Image taken from Office of Personnel Management’s “Retirement Quick Guide”.

Amos said she hopes the guide will help employees understand on a more specific level who to contact with questions, based on their job application timeline.

“What I hope is that now we have connected the dots between the three main tracks of this process – the agency, the employee and the OPM,” Amos said.

The National Association of Active and Retired Federal Employees (NARFE), an advocacy group focused in part on retirement services for federal employees, said the OPM’s new guide is a step in the right direction. This will likely help reduce confusion and uncertainty for retiring applicants, and may also reduce calls to the OPM from applicants seeking answers about the status of their applications, John said. Hatton, NARFE’s staff vice president for policy and programs.

With additional time and resources likely to become available, Hatton said he hopes the OPM will turn its attention to the larger issues of pension services and go beyond simply improving communication around the current situation. Beyond an overview of the retirement process, Hatton said the OPM should develop case tracking systems to communicate progress as it occurs – an effort that would prove more useful in the long run.

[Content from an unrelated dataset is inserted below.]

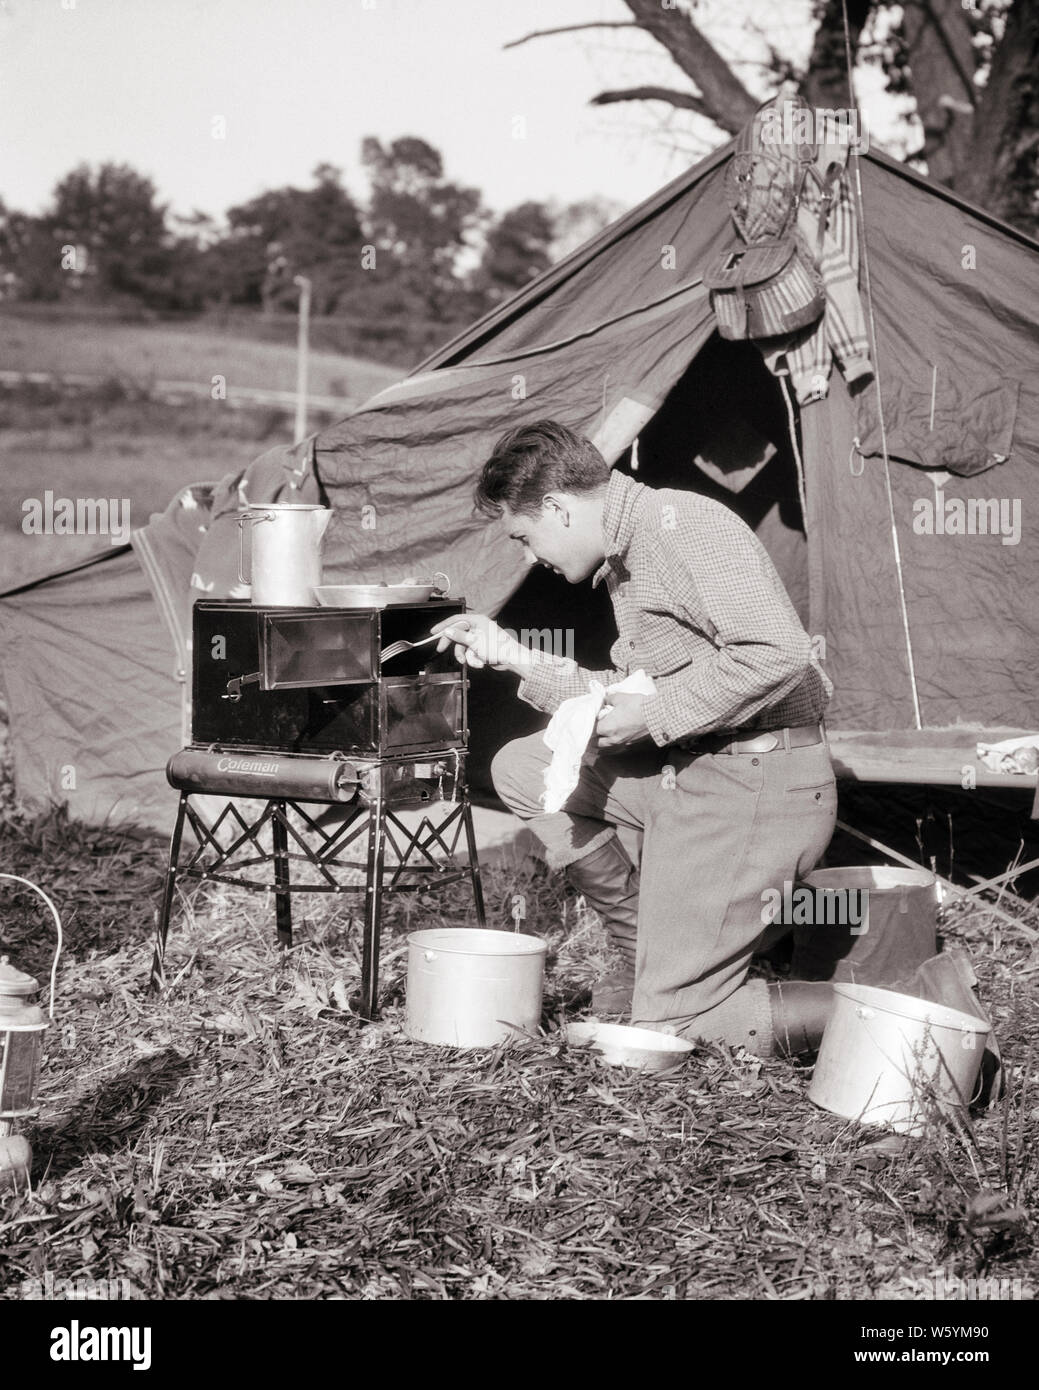 bevestig alstublieft ring Wegversperring 1920s INDEPENDENT YOUNG MAN TENT CAMPING ON FISHING TRIP COOKING MEAL ON  METAL GAS STOVE - c1969 HAR001 HARS PERSONS INSPIRATION MALES SPIRITUALITY  CONFIDENCE B&W FREEDOM SUCCESS TIME OFF HAPPINESS ADVENTURE STRENGTH

“Rather than accepting long processing times, we encourage process improvements and modernization, such as the use of an online retirement application integrated with OPM processing systems, to reduce them,” Hatton said. at Federal News Network.

The OPM plans to update the new guide every month. But to be able to provide real-time updates on the status of pension applications, the agency should review and modernize the pension services system.

“We don’t have the system to be able to provide real-time status of individual cases — we’re still a paper-based process,” Amos said. “Until we modernize and have a case management system where we can electronically track where cases are, we won’t be able to provide a unique real-time status for each case.

More pension service plans on the horizon

Beyond this more immediate response to some of the common issues of retiring federal employees, the OPM is making longer-term efforts to modernize retirement services as a whole. OPM’s FY2024 budget request includes increased funding for pension services, to address legacy IT and make large-scale changes.

OPM Chief Information Officer Guy Cavallo plans to tackle IT modernization in small bites. He said there will be a clearer plan for pension services in the agency’s next IT strategy for fiscal year 2023 to 2026.

In the meantime, OPM has made other recent updates to pension services to try and reduce the pension backlog. The agency added a chatbot allowing users to ask and get answers to common questions, and increased the staffing of its call centers for pension services.

Once new modernization efforts begin to take effect, OPM may update the guide to reflect the changes – but details of this are still pending.

“Once we start embarking on this IT modernization effort, we don’t know what this guide will look like. If automated, that form itself could be digitized,” Amos said. “That is yet to be determined, but hopefully once our customers get used to using this guide and the information in it, we can somehow incorporate it into our future state.”